In fact, Mugabe has over the years justified his continued stay with exactly this thinking. He says he is afraid to hand over the baton to anyone because that would disintegrate the 50-year-old institution.
This has apparently been taken as gospel truth by many Zimbabweans, but the more I hear it, the less convinced I become. This is particularly important for the local political opposition, which needs to disabuse itself of the risky inclination of planning its future around the possibility of a fatal crisis in Zanu (PF) in the post-Mugabe phase.
It is useful to remember that Zanu (PF) is not a stranger to factional and power fights, but has always survived as an organisation, having been formed in August, 1963, on the backdrop of factionalism in Zapu, then led by Joshua Nkomo.
In October 1973, disgruntled members from the then Zanu teamed up with some colleagues from Zapu to form the Front for the Liberation of Zimbabwe. Led by James Chikerema, Frolizi hardly became a party to reckon with and Zanu remained almost completely unscathed, despite the acute divergence among some of its top members. Again, with the assassination of Chitepo in 1975, intense power struggles emerged in the party after Sithole took over.
It remains highly possible that, even with Mugabe’s exit, people would look more at the party than the individuals who happened to be leading or belonging to the factions. In this case, while it is still possible that the party would splinter, we could only see a repetition of what happened after the Mgagao Declaration when one party remained with large numbers.
‘Will Zanu (PF) survive the factionalism that resides in the party’
From where I stand, it seems that the faction led by Emmerson Mnangagwa, if it decides to split off when Mugabe leaves or dies, would not take with it a substantial enough population to cause a fatal shake-up.
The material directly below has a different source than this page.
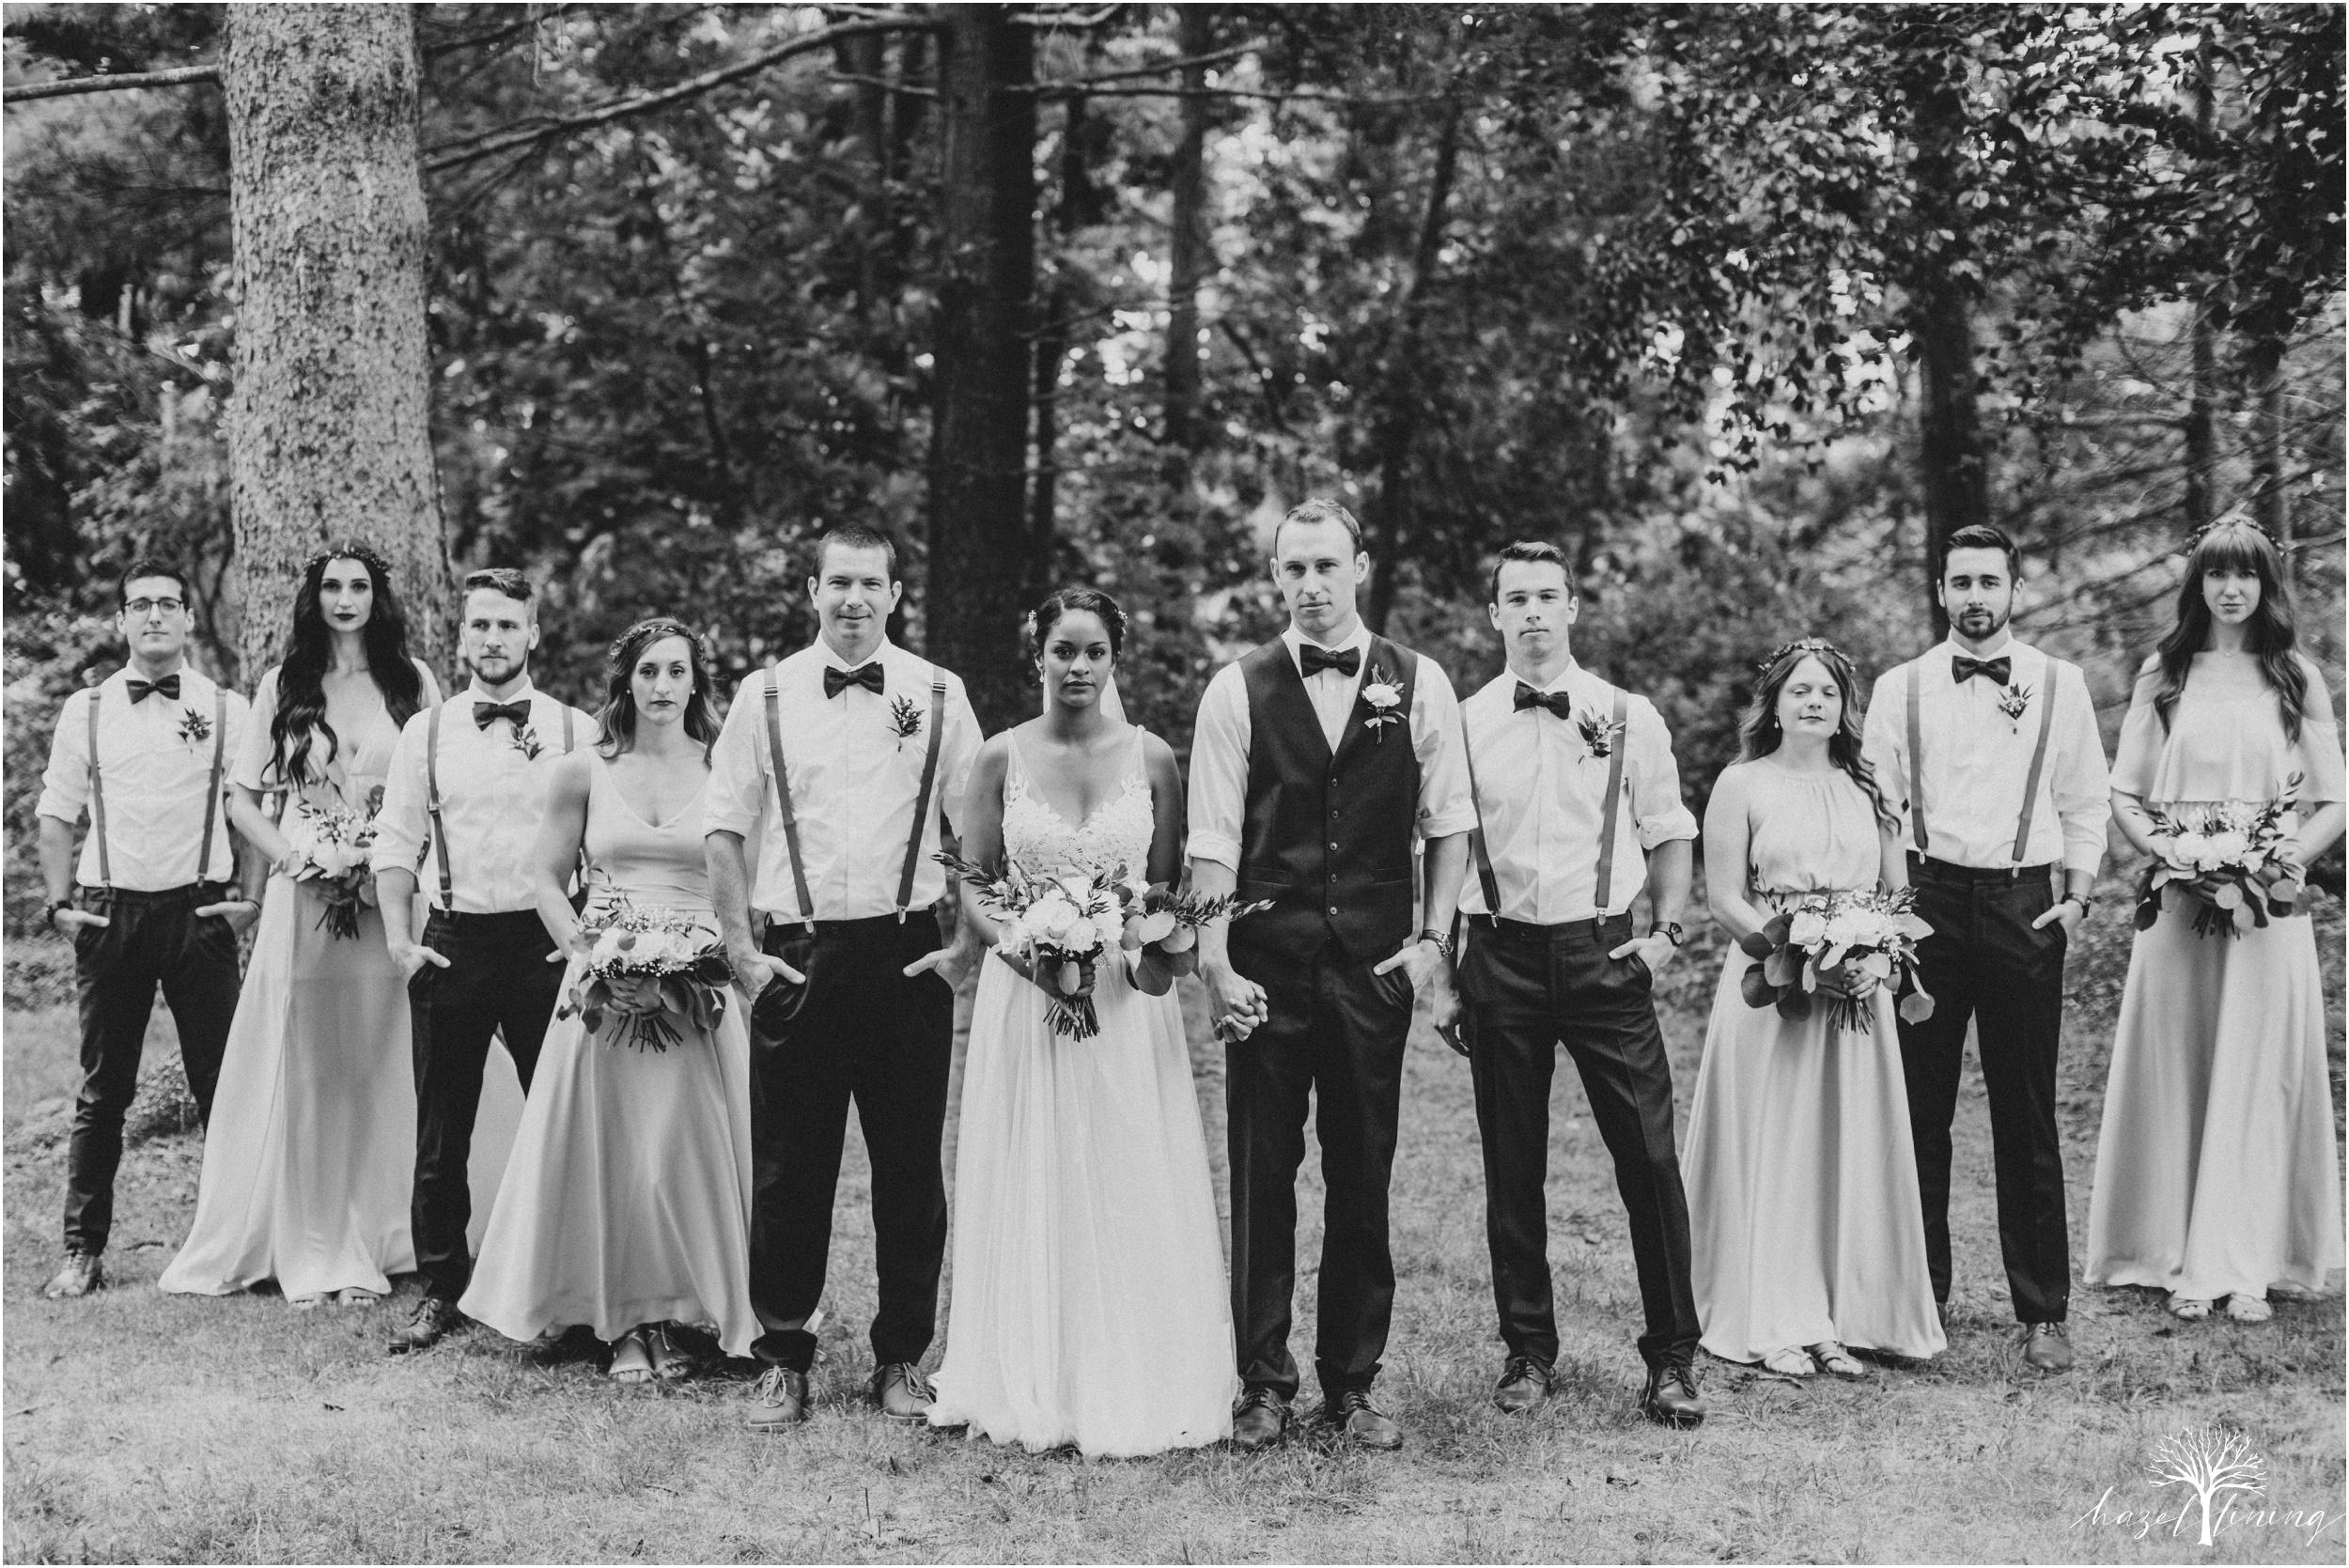 mariah-kreyling-samuel-sherratt-sherrattwiththeworld-peirce-farm-at-witch-hill-boston-massachusetts-wedding-photography-hazel-lining-travel-wedding-elopement-photography_0109.jpg

Over the years, I have noticed that the Mnangagwa faction tends to be elitist, with little grassroots support. It has only kept afloat through its crafty strategies of stuffing party structures with its sympathisers but even then, this has not yielded as many results as the other faction, currently rallying around Joice Mujuru.
Mnangagwa himself is not popular enough within Zanu (PF) and Mujuru seems to have a far broader appeal, even in provinces like the Midlands and Masvingo where one would have thought her rival should boast his strongest bases. It thus remains very likely that, in the event of a split along the Mujuru/Mnangagwa fault lines, the majority would go with Mujuru and still maintain Zanu (PF) as a large party.
Finally, what happened in 2008 when Simba Makoni and Dumiso Dabengwa abandoned Zanu (PF) to lead a loose coalition of mostly disgruntled former Zanu (PF) members is telling. Makoni’s dramatic announcement of his resignation from Zanu (PF) had all the ingredients of razing the party to the ground, especially given his own popularity and the fact that he was an offshoot of the Mujuru faction. Yet the Makoni project was much ado about nothing.
In essence, my point is that discourse on whether Mugabe’s departure will kill the party or not has wrongly focused on Mugabe as an individual and failed to place itself in a more global context by considering that the dynamics in Zanu (PF) might, after all, be determined by other factors rather than a specific personality.